### TASK DIRECTIONS
Among the records below, find the line with "Outfit-Ideen und Styling-Tipps" and the line with "Zelf een herfstkrans". Set down both and every line between, exactly and with no pictures, but nothing else.

### MATERIAL PROVIDED
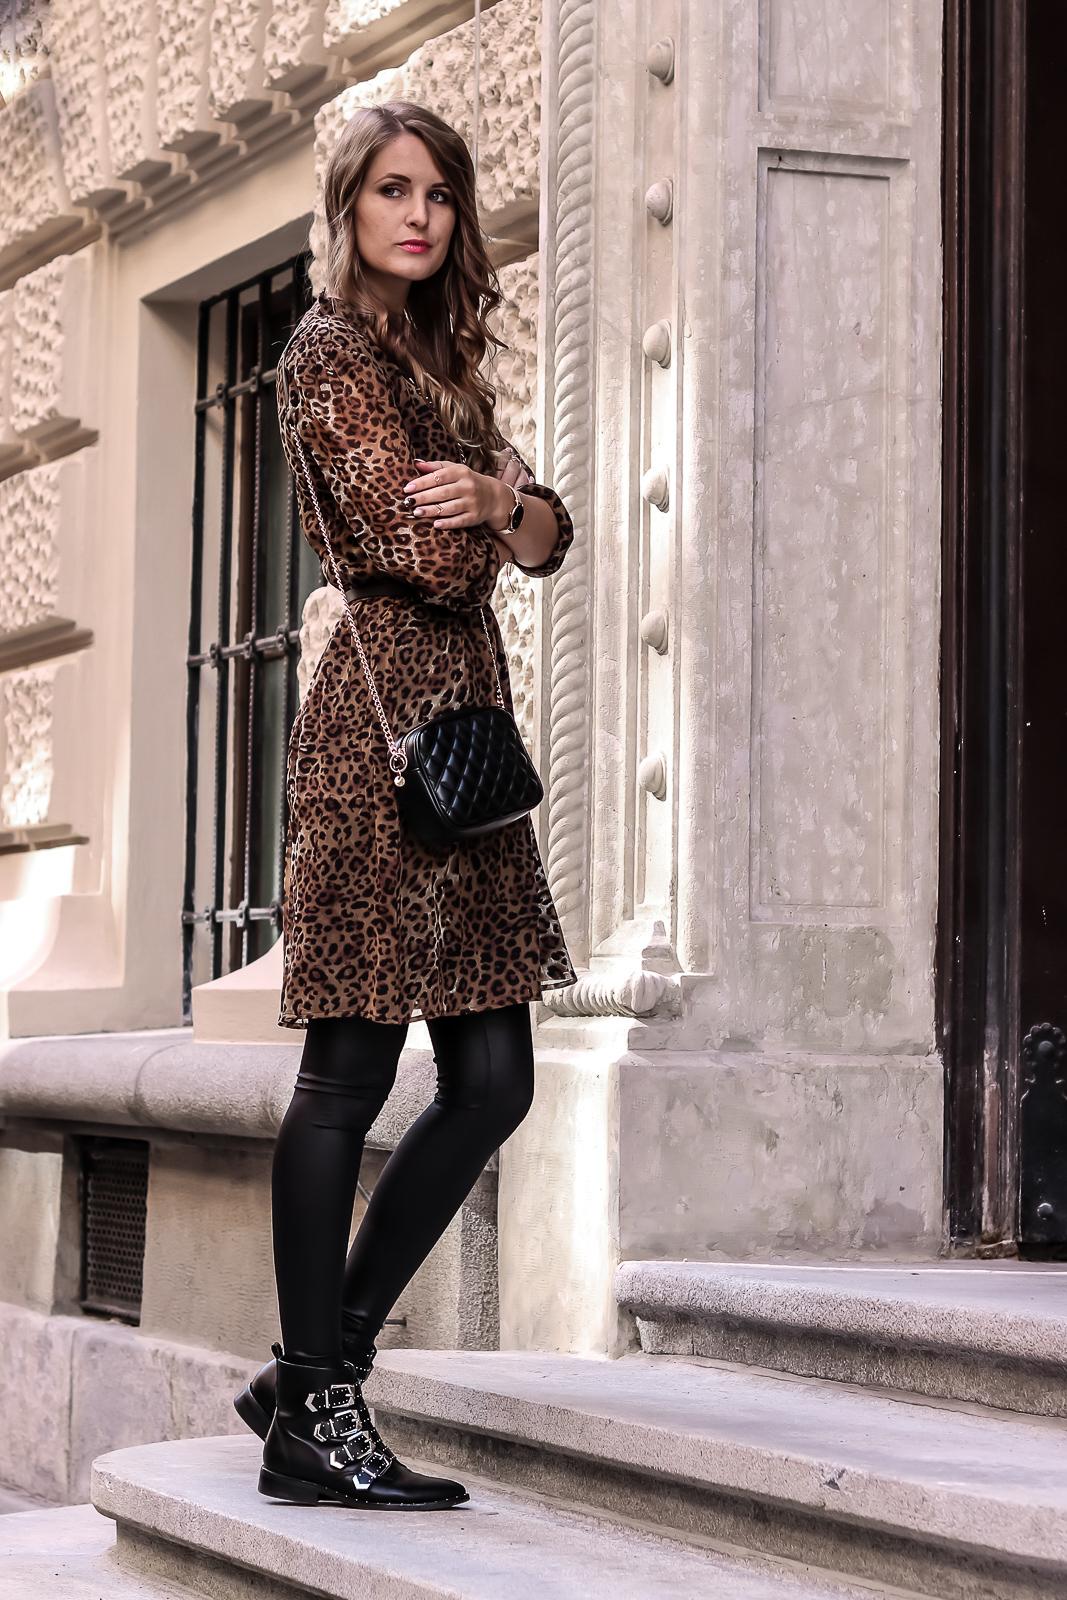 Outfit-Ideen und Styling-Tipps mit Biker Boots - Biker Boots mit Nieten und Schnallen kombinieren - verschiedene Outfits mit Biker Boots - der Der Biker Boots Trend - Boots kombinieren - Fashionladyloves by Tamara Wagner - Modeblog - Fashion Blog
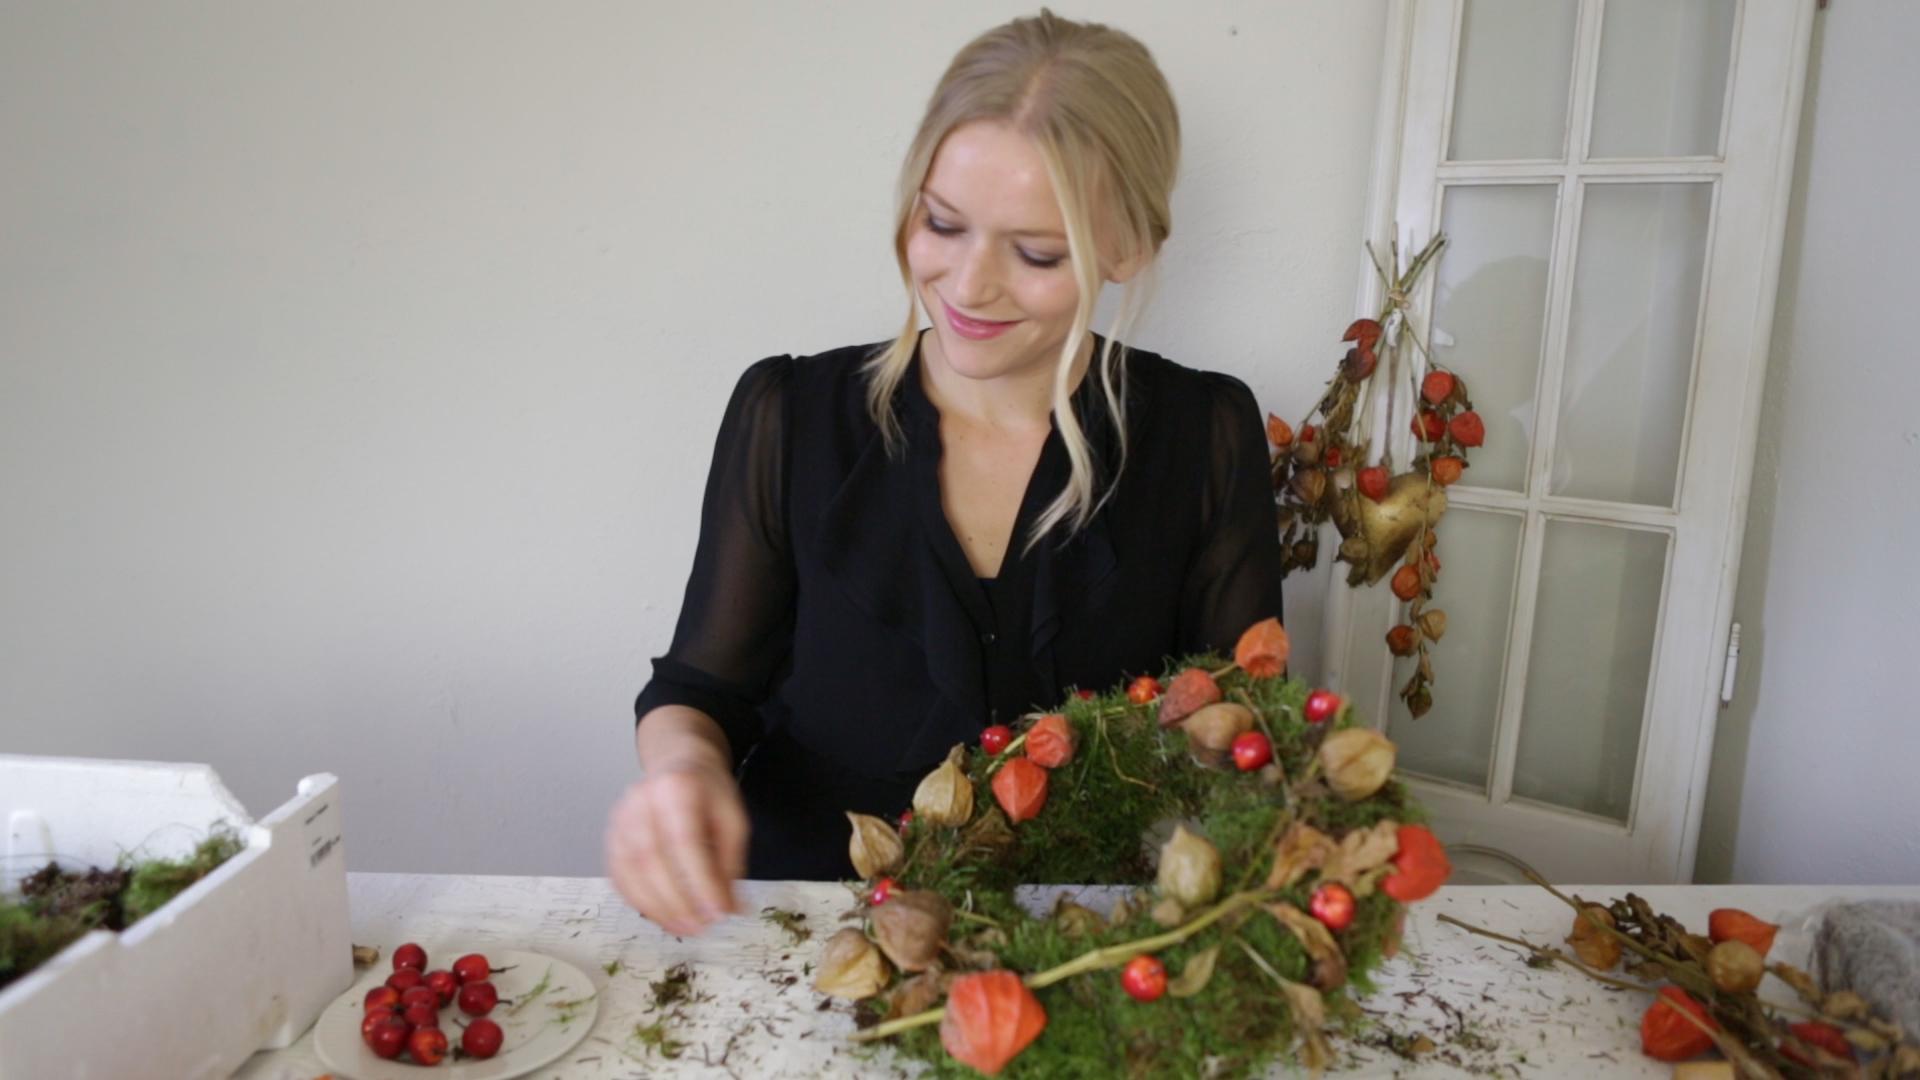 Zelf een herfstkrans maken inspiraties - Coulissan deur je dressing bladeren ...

--

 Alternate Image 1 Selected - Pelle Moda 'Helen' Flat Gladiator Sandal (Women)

### RESULT FOR THIS TASK
 Outfit-Ideen und Styling-Tipps mit Biker Boots - Biker Boots mit Nieten und Schnallen kombinieren - verschiedene Outfits mit Biker Boots - der Der Biker Boots Trend - Boots kombinieren - Fashionladyloves by Tamara Wagner - Modeblog - Fashion Blog
 Zelf een herfstkrans maken inspiraties - Coulissan deur je dressing bladeren ...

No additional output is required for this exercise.